Theory of electronic structure evolution in GaAsN and GaPN alloys

Abstract
Using the empirical pseudopotential method and large atomistically relaxed supercells, we have systematically studied the evolution of the electronic structure of GaP1xNx and GaAs1xNx, from the dilute nitrogen impurity regime to the nascent nitride alloy. We show how substitutional nitrogen forms perturbed host states (PHS) inside the conduction band, whereas small nitrogen aggregates form localized cluster states (CS) in the band gap.
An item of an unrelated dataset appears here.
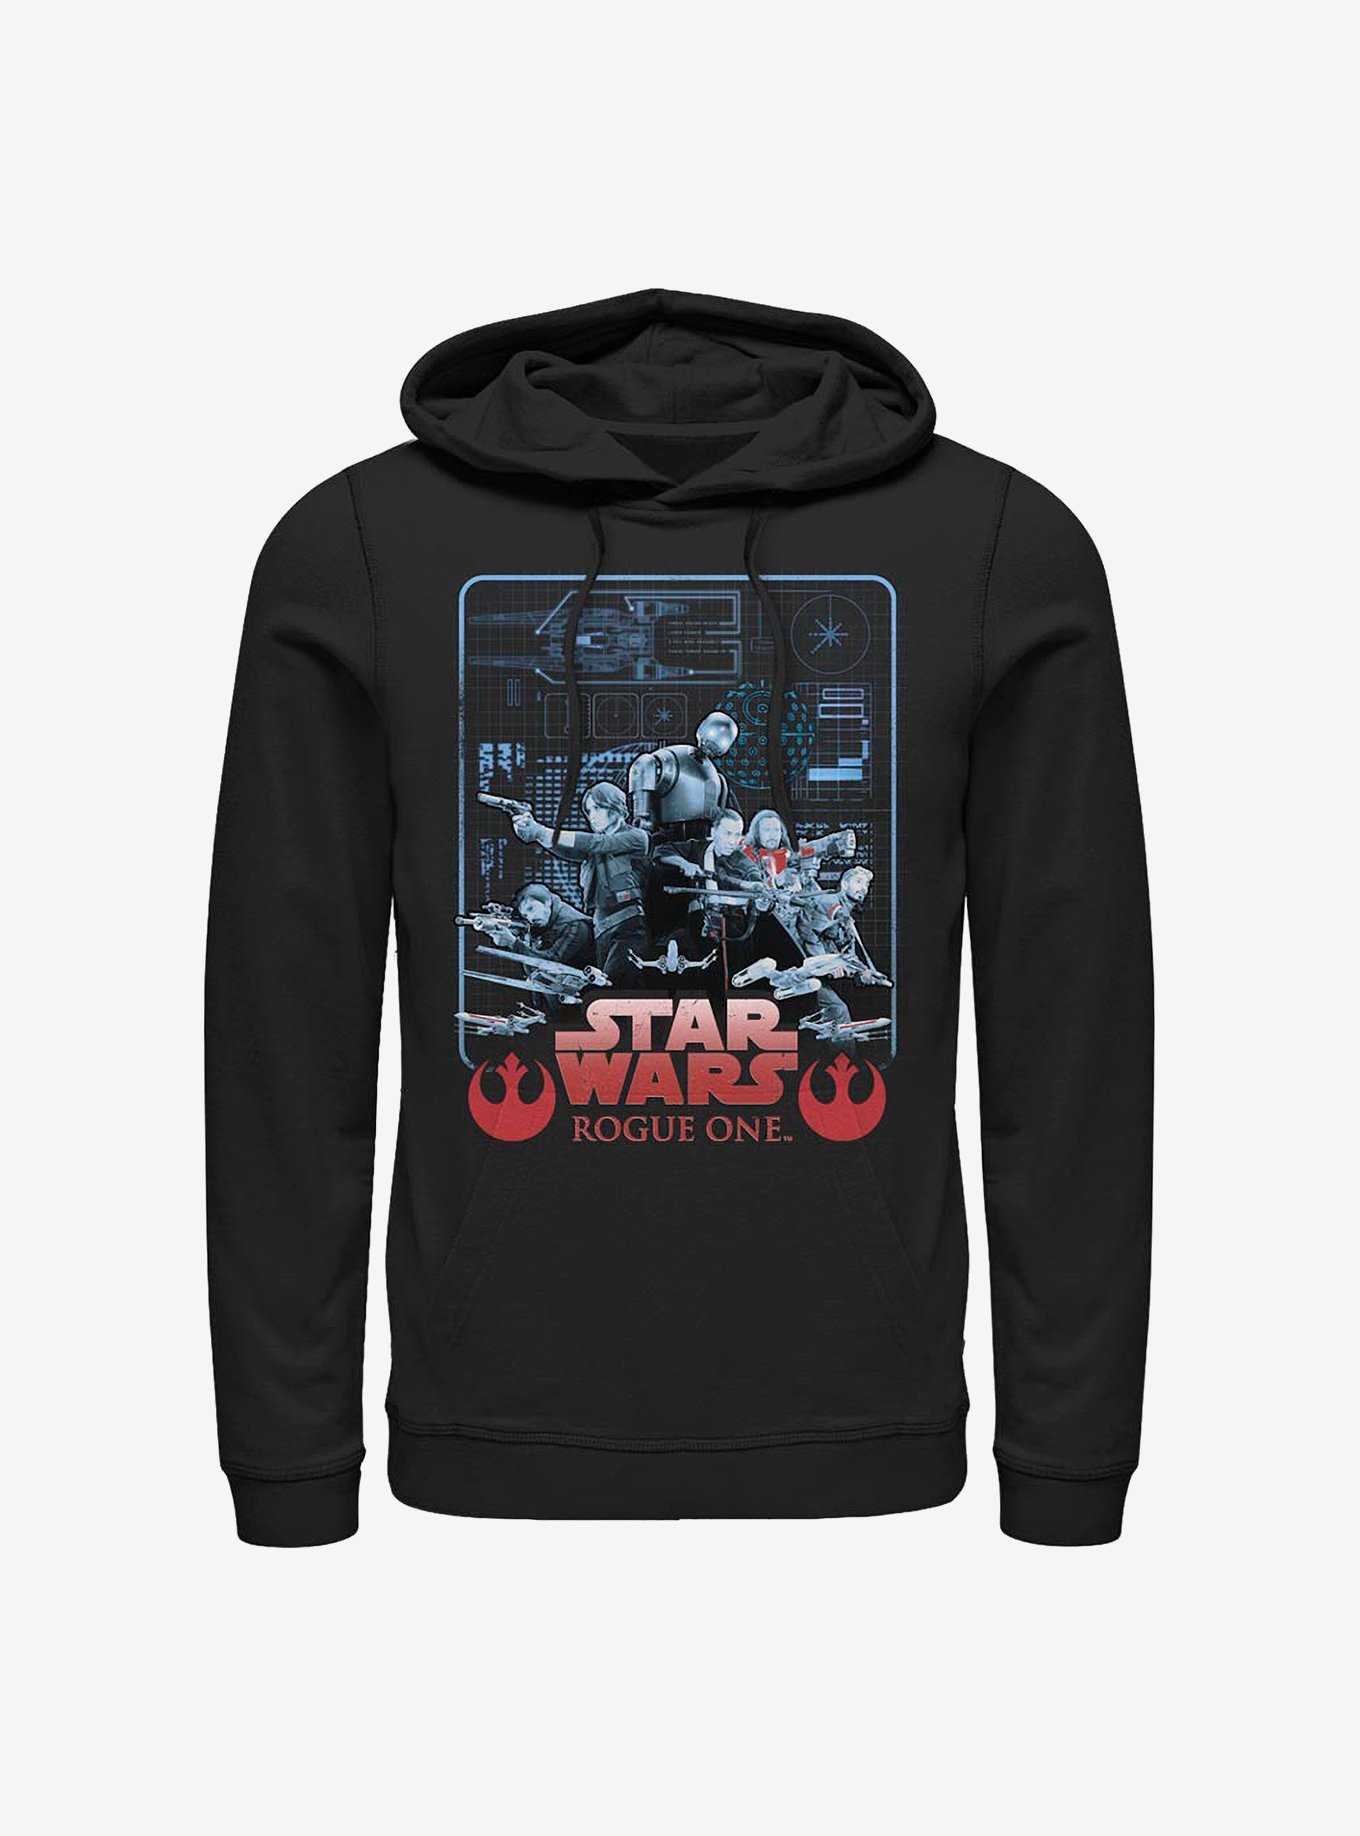 Star Wars Rogue One: A Star Wars Story Got Plans Hoodie, , hi-res

By following the evolution of these states and the “perturbed host states” with increasing nitrogen composition, we propose a new model for low-nitrogen-content GaAs1xNx and GaP1xNx alloys: As the nitrogen composition increases, the energy of the CS is pinned while the energy of the PHS plunges down as the nitrogen composition increases. The impurity limit (PHS above CS) is characterized by strongly localized wave functions, low pressure coefficients, and sharp emission lines from the CS. The amalgamation limit (PHS overtake the CS) is characterized by a coexistence of localized states (leading to high effective mass, exciton localization, Stokes shift in emission versus absorption) overlapping delocalized PHS (leading to asymmetrically broadened states, low temperature coefficeint, delocalized E+ band at higher energies). The alloy limit (PHS well below CS) may not have been reached experimentally, but is predicted to be characterized by conventional extended states. Our theory shows that these alloy systems require a polymorphous description, permitting the coexistence of many different local environments, rather than an isomorphous model that focuses on few impurity-host motifs.